1

Below are two simple data frames. I would like to re-code (collapse) the Sat1 and Sat2 columns so that all degrees of satisfied are coded simply as Satisfied, and all degrees of Dissatisfied are coded as Dissatisfied. Neutral will remain as Neutral. These factors will therefore have three levels - Satisfied, Dissatisfied, and Neutral.

I would normally accomplish this by binding the data frames, and using lapply along with re-code from the car package, such as:

  DF1[2:3] <- lapply(DF1[2:3], recode, c('"Somewhat Satisfied"= "Satisfied","Satisfied"="Satisfied","Extremely Dissatisfied"="Dissatisfied"........etc, etc

I would like to accomplish this using map functions, specifically at_map (to maintain the data frame, but I'm new to purrr so feel free to suggest other versions of map) from purrr, as well as dplyr, tidyr,stringrandggplot2` so everything can be easily pipelined.

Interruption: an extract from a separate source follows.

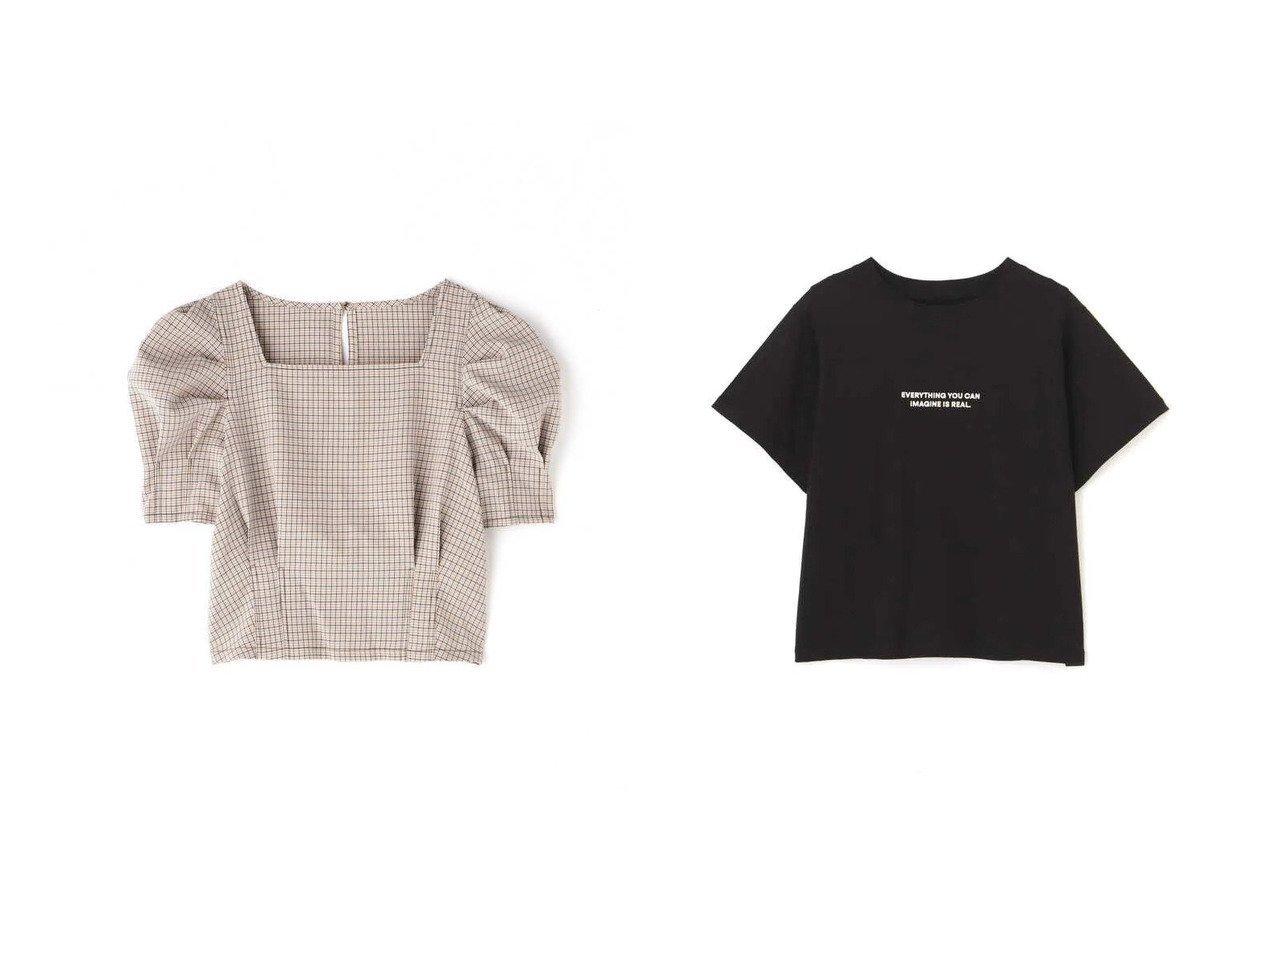 【FREE'S MART/フリーズマート】のスクエアネック短丈半袖ボリュームスリーブブラウス&アウトロックロゴプリントTシャツ 【プチプライス・低価格】おすすめ!人気トレンド・レディースファッション通販  おすすめで人気の流行・トレンド、ファッションの通販商品 インテリア・家具・メンズファッション・キッズファッション・レディースファッション・服の通販 founy(ファニー) https://founy.com/ ファッション Fashion レディースファッション WOMEN トップス・カットソー Tops/Tshirt シャツ/ブラウス Shirts/Blouses ボリュームスリーブ / フリル袖 Volume Sleeve ロング / Tシャツ T-Shirts コンパクト スクエア スリーブ チェック デコルテ デニム トレンド 半袖 インナー シンプル ジャケット フロント プリント ボトム  ID:crp329100000047398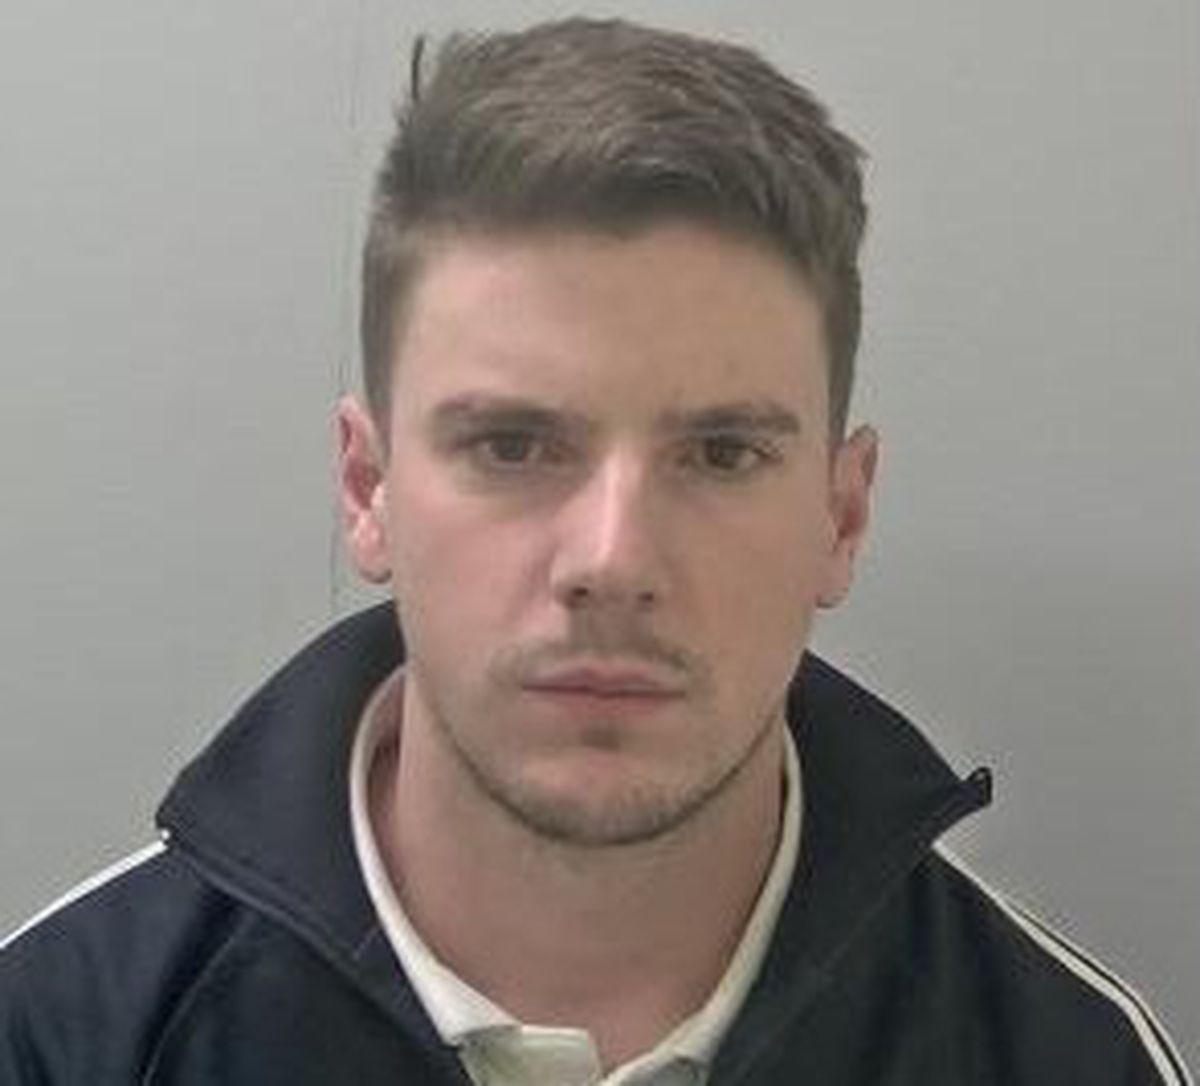 Timothy Schofield. Photo: West Mercia Police.

The example below is what I would like to accomplish, but for re-coding, but I was unable to make it work.

http://www.r-bloggers.com/using-purrr-with-dplyr/

I would like to use at_map or a similar map function so that I can keep the original columns of Sat1 and Sat2, so the re-coded columns will be added to the data frame and renamed. It would be great if this step could also be included within a function.

In reality, I will have many data frames, so I only want to recode the factor levels once, and then use a function from purrr to make the changes across all the data frames using the least amount of code.

Names<-c("James","Chris","Jessica","Tomoki","Anna","Gerald")
Sat1<-c("Satisfied","Very Satisfied","Dissatisfied","Somewhat Satisfied","Dissatisfied","Neutral")
Sat2<-c("Very Dissatisfied","Somewhat Satisfied","Neutral","Neutral","Satisfied","Satisfied")
Program<-c("A","B","A","C","B","D")
Pets<-c("Snake","Dog","Dog","Dog","Cat","None")

DF1<-data.frame(Names,Sat1,Sat2,Program,Pets)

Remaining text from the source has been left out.